- _Task instructions_:
In the entries below, begin at the line with "فلش مموری دایا" and stop after the line with "La calle de"; output those lines exactly and omit the pictures.

- _Entries supplied_:
+++

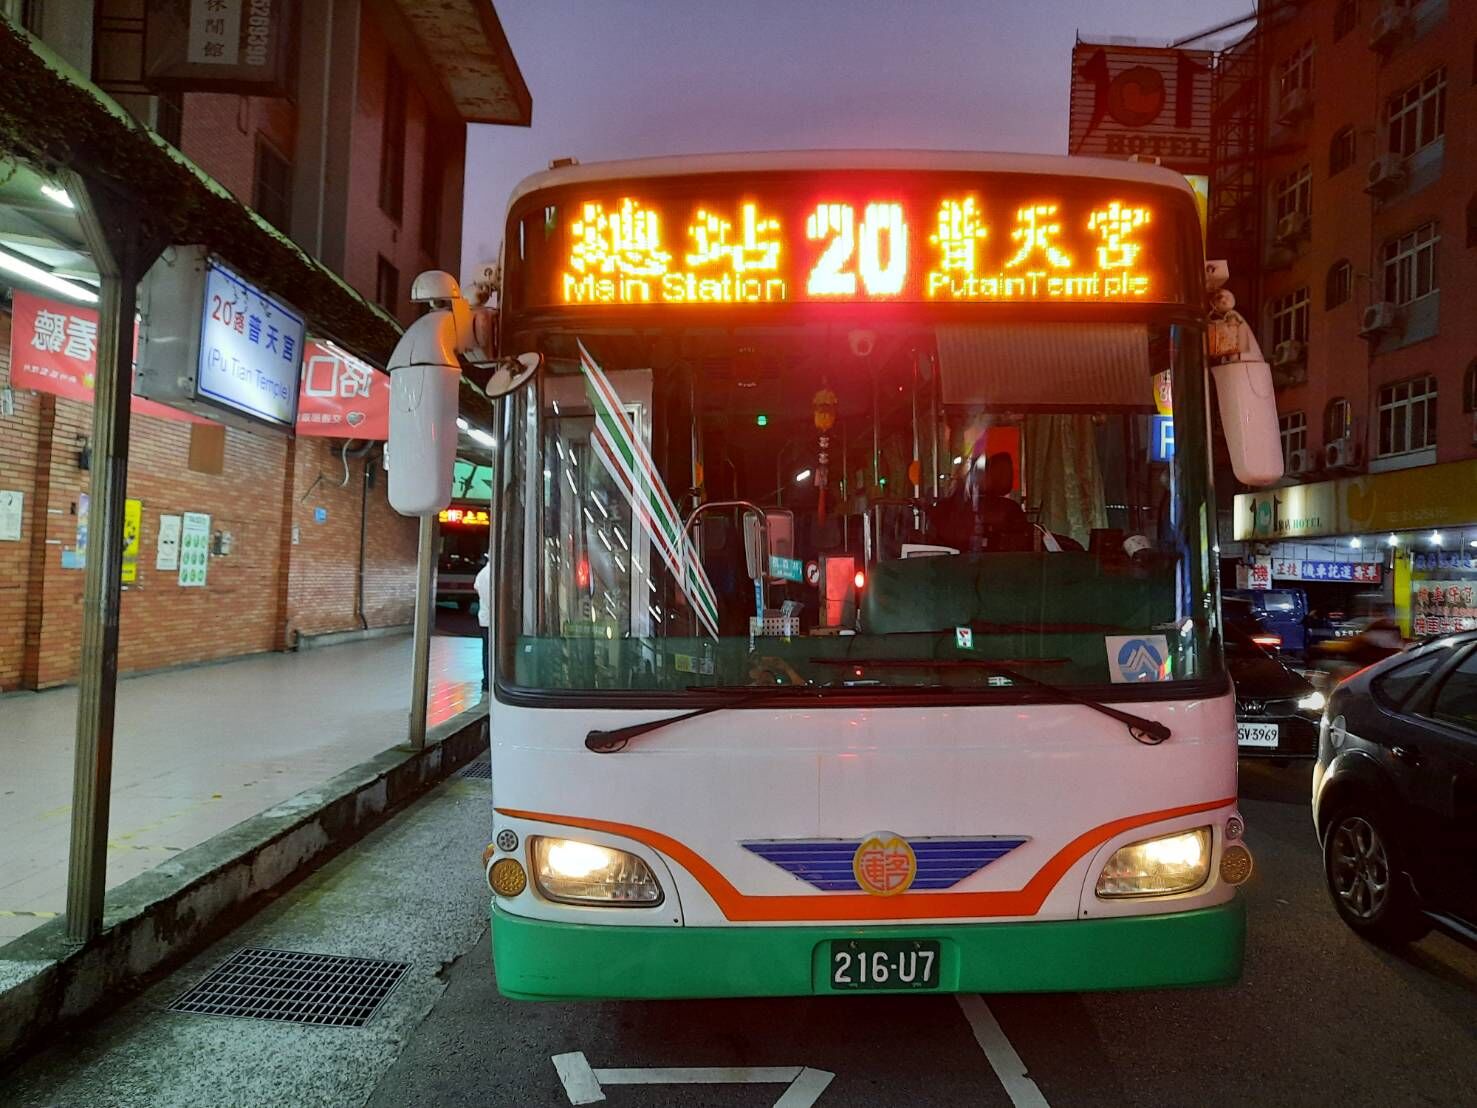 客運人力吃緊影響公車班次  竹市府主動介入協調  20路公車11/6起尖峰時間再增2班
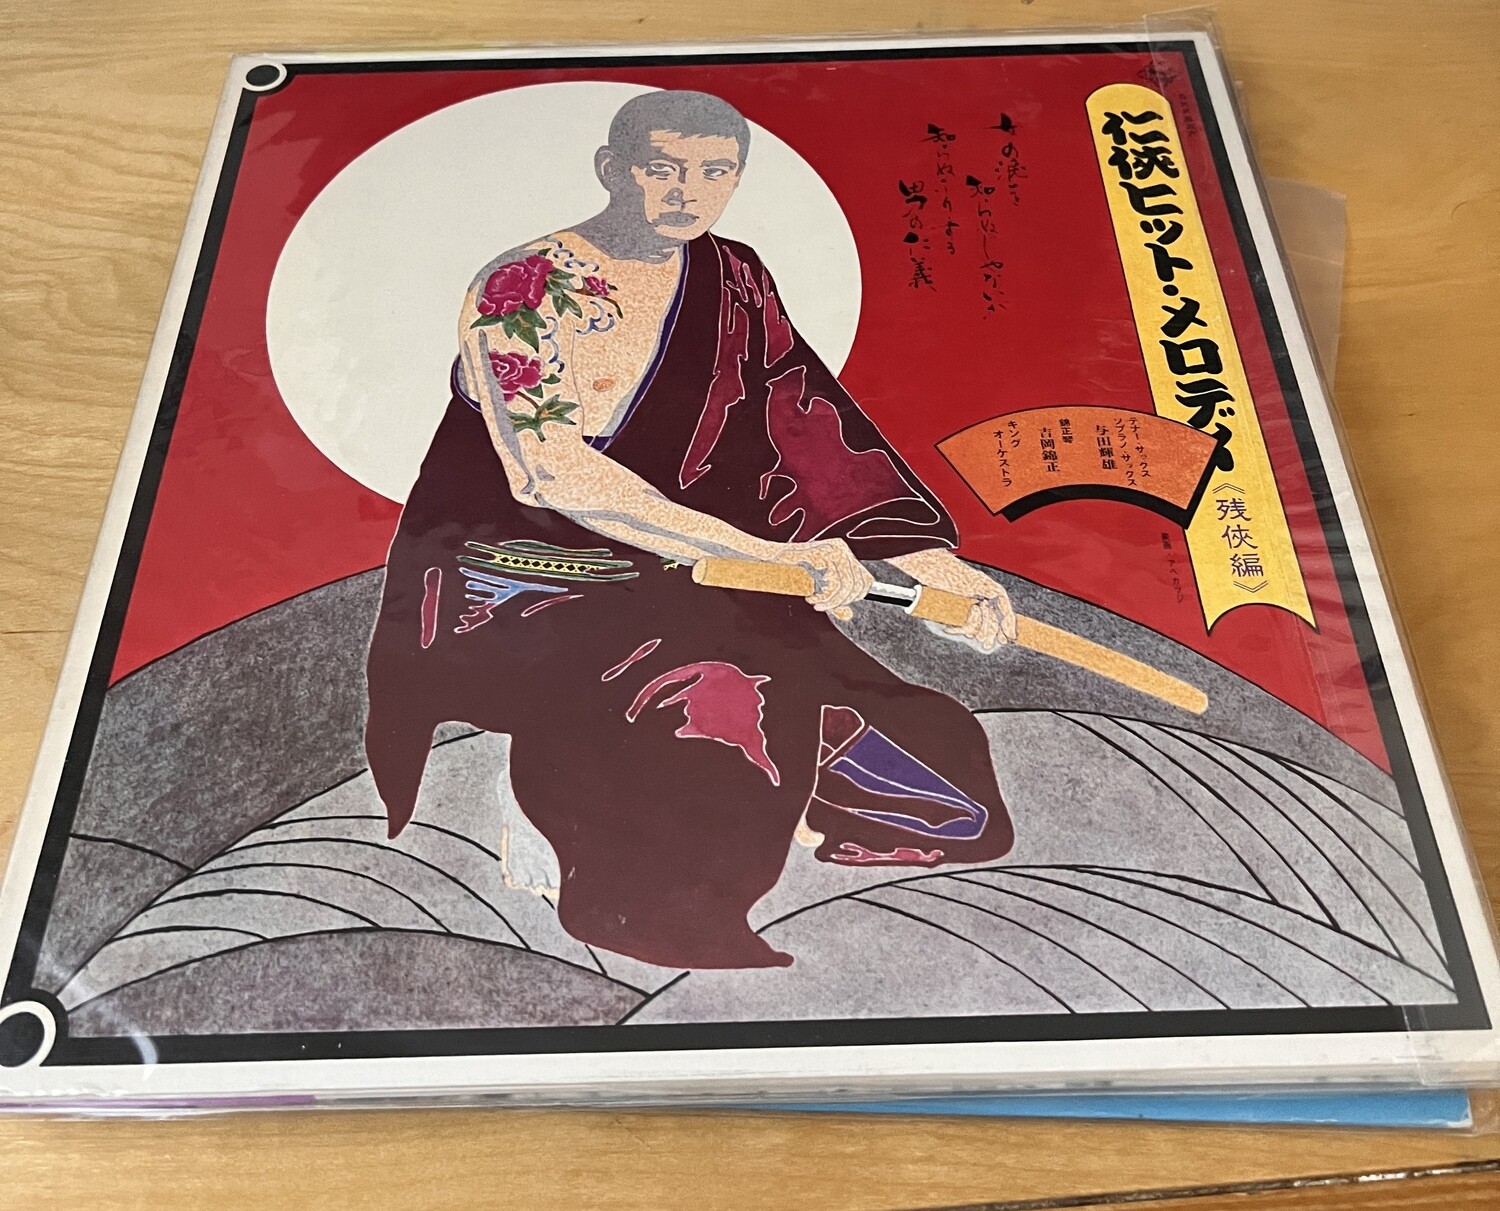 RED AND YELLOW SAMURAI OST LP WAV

+++

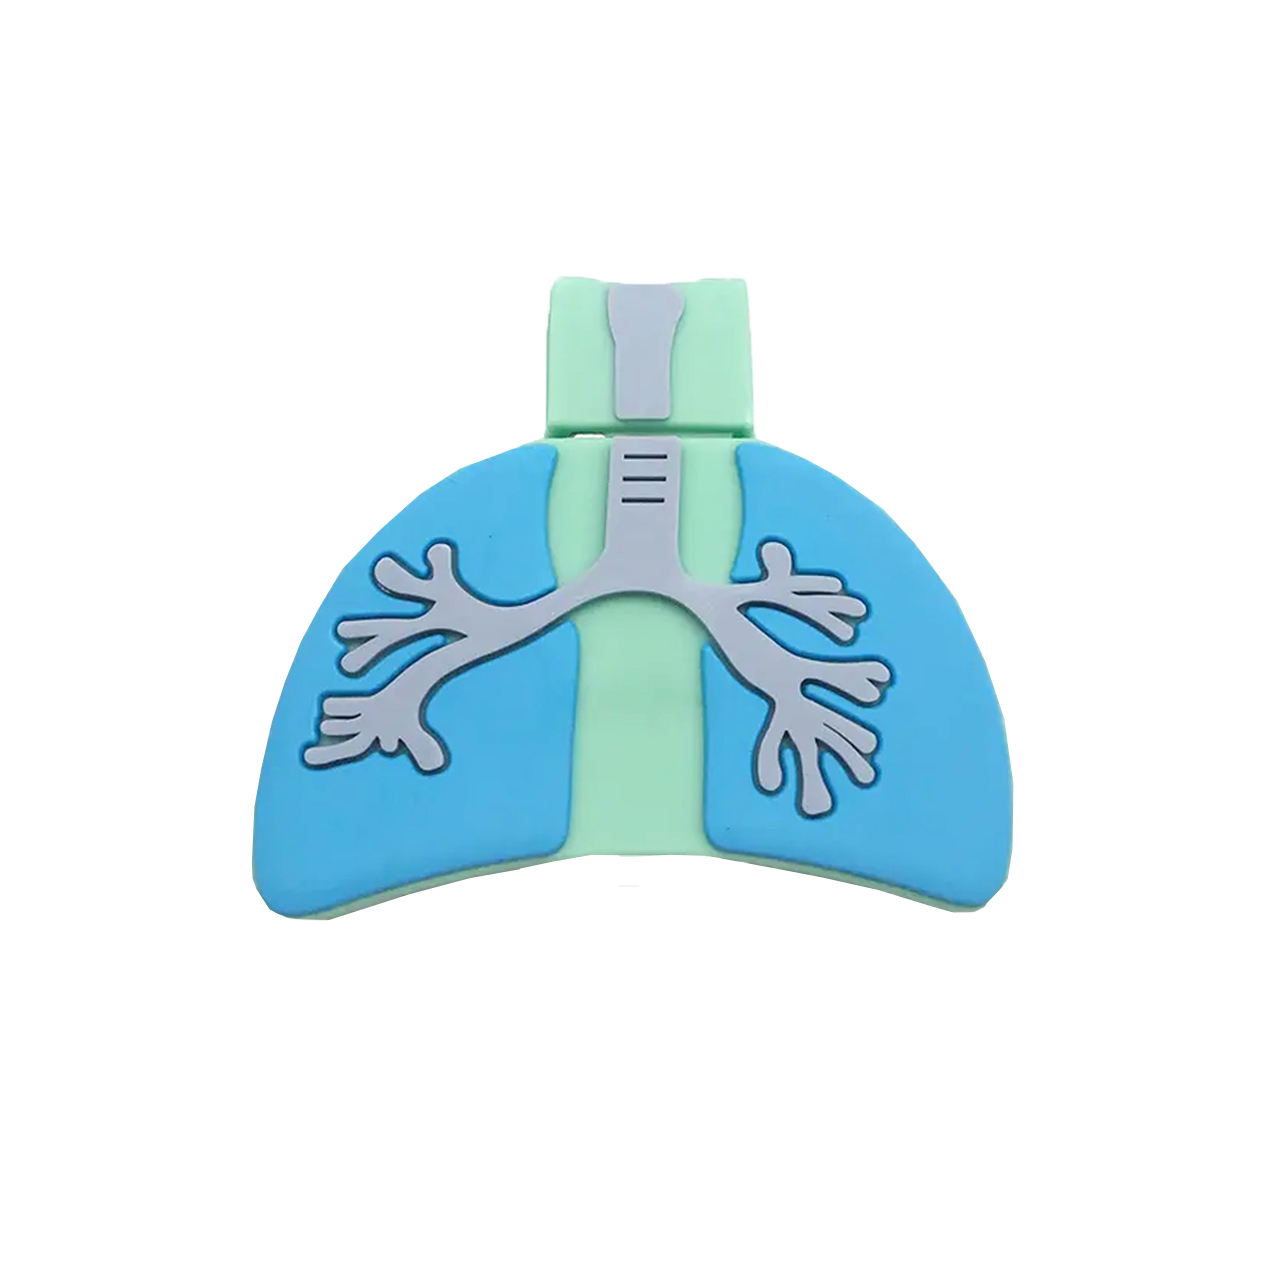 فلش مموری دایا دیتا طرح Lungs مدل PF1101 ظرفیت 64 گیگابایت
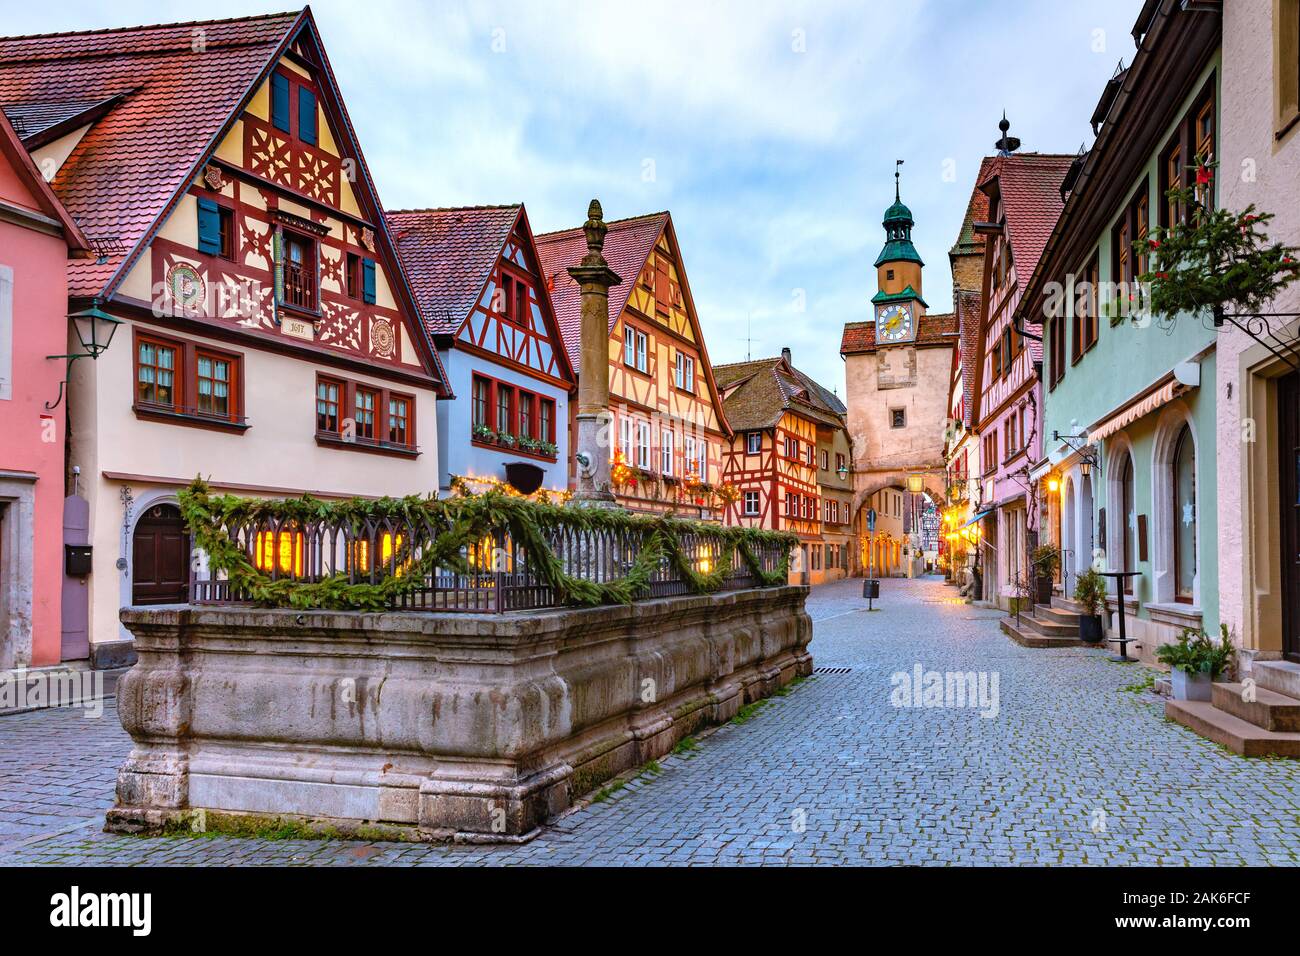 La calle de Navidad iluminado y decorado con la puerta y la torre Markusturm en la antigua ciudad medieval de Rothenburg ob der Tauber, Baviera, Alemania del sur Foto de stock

+++

- _Answer below_:
 فلش مموری دایا دیتا طرح Lungs مدل PF1101 ظرفیت 64 گیگابایت
 La calle de Navidad iluminado y decorado con la puerta y la torre Markusturm en la antigua ciudad medieval de Rothenburg ob der Tauber, Baviera, Alemania del sur Foto de stock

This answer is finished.